Everything comes to him who only stands and waits. I once had a friend who took so long to complete any task he ever undertook that his mother in law decided to name the house he was doing up for her daughter to move into with him EVENTUALLY.

I think we’ll have to come up with a similar moniker for West Dunbartonshire Council although it will have to be EVENTUALLY IF AT ALL.

I have been in this scribbling business for a long number of years now and a frequently recurring subject over about 50 of them has been the wrecks in the River Leven.

My eyes almost fell out when I read in the Lennox Herald I don’t feel like going to their meetings these days after their petty minded ban on me speaking to them – that the Council had at last come up with a way to get rid of them.

Councillor David McBride, who has more titles to his name than the Maharajah of Timbuktu, tells us he is the chair of the Town Centre Forum and that he has been “pursuing the removal of some unsightly wrecks” for some time.

He added: “As you would expect funding was difficult to achieve in the current climate.”

Come off it, David. Funding for this hasn’t been there – or so we have been told – for the past half century.

No Dumbarton Harbour Master, a post which goes along with the £150,000 a year job of chief executive of the local council, has ever had the acumen to raise the money to get rid of the wrecks.

Surprise, surprise, however, it looks as if the Council will at last be able to come up with the cash from a source that’s been sitting under their noses since Adam was a boy.

Step forward the Common Good Fund which has been conveniently christened “The Dumbarton Town Centre Common Good Fund” and they’ve come up with a ruse to apply for funding from the Dumbarton East Community Council as “a host sponsor” for the wreck removal work.

Perhaps that £1 million they are about to pay out in compensation to the disabled employee they bullied in their old headquarters would have covered it.

At this point I began to wonder if – as was the case with the funding for the Levengrove Pavilion Cafe – they had got it all wrong and that some bright spark in the Chief Executive’s Office thought the wrecks were in Gruggies Burn, which is in the East End.

The words “ring-fenced” also appeared in the Lennox report about the wrecks. They have been used too often recently in relation to projects that might have been tackled using Boris Johnston’s levelling up cash, but that was being economical with the truth yet again.

Their “nae money” for anything like that excuse is a poor one.
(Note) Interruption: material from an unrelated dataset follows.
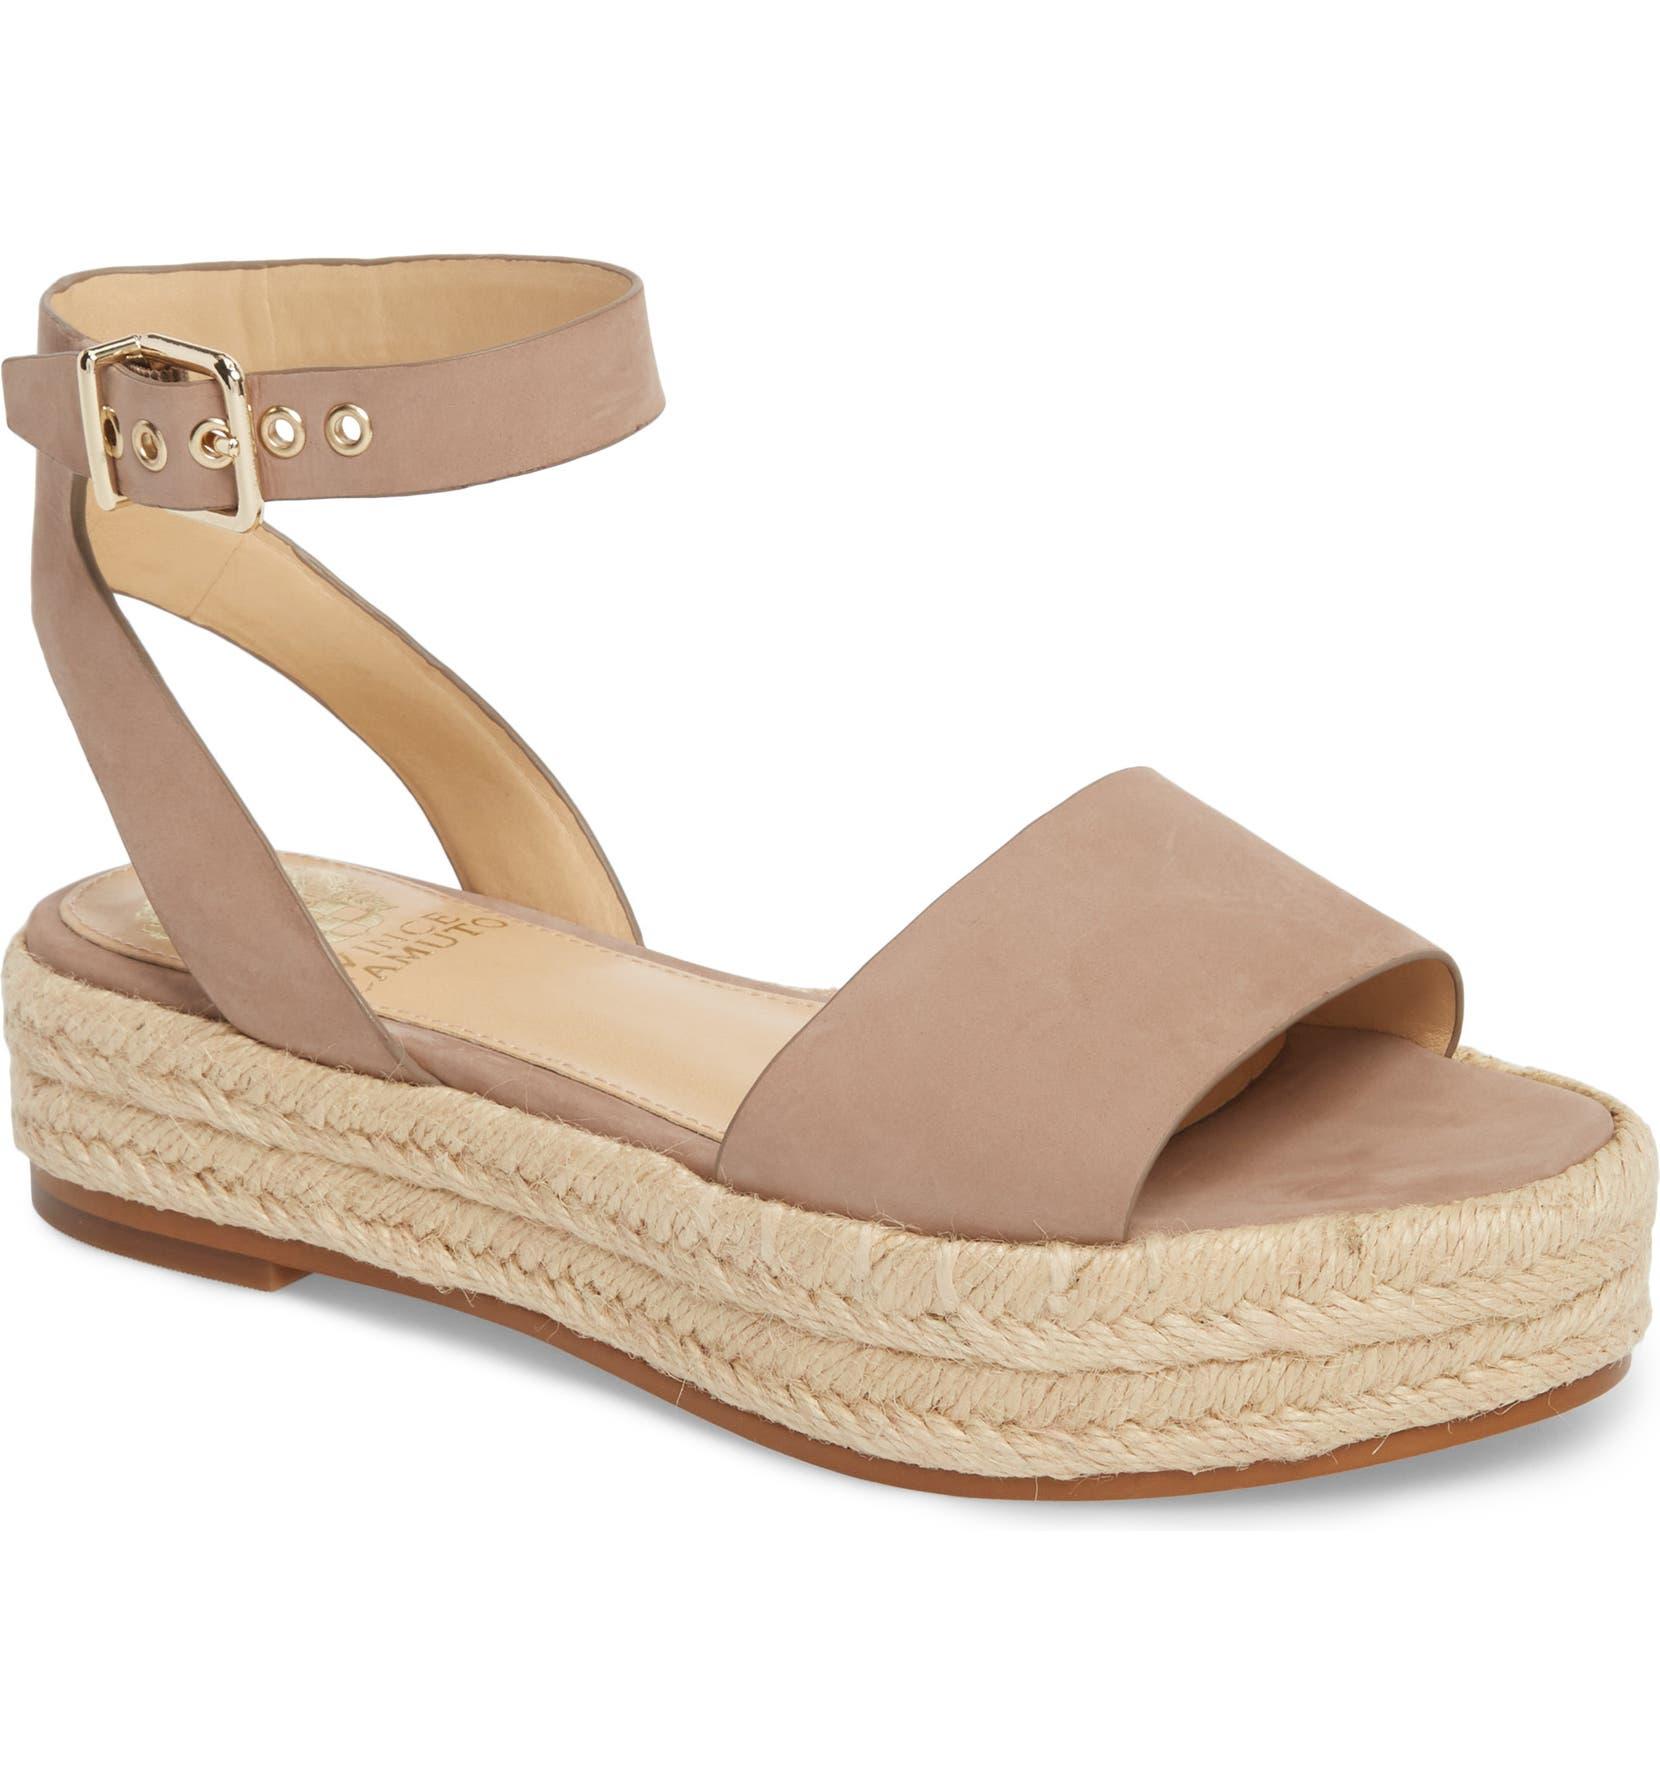 ad8bad3544 Vince Camuto Kathalia Platform Sandal (Women) | Nordstrom

Who knows we might have been able to have a viewing point, a balcony or a veranda as they are known in Dumbarton, built on to the £8 million library we don’t need and few people want in Glencairn House.

*****

The Save Loch Lomond group has arranged a meeting for tomorrow night (Thursday) at 7pm in the Balloch Hotel to get this group organised and operational.
Volunteers are needed to steer the campaign and the organisers say it’s essential to appoint key positions to manage, organise and communicate all aspects of the campaign that are agreed upon.
Plenty of local Facebook page members care passionately about stopping the development and we need those voices to represent the Save Loch Lomond group, a spokesperson said..
She added: “If anyone is unsure about what the key roles entail, they can get in touch via comments or PM to find out more.”
I wonder how many councillors will be offering their services for this campaign.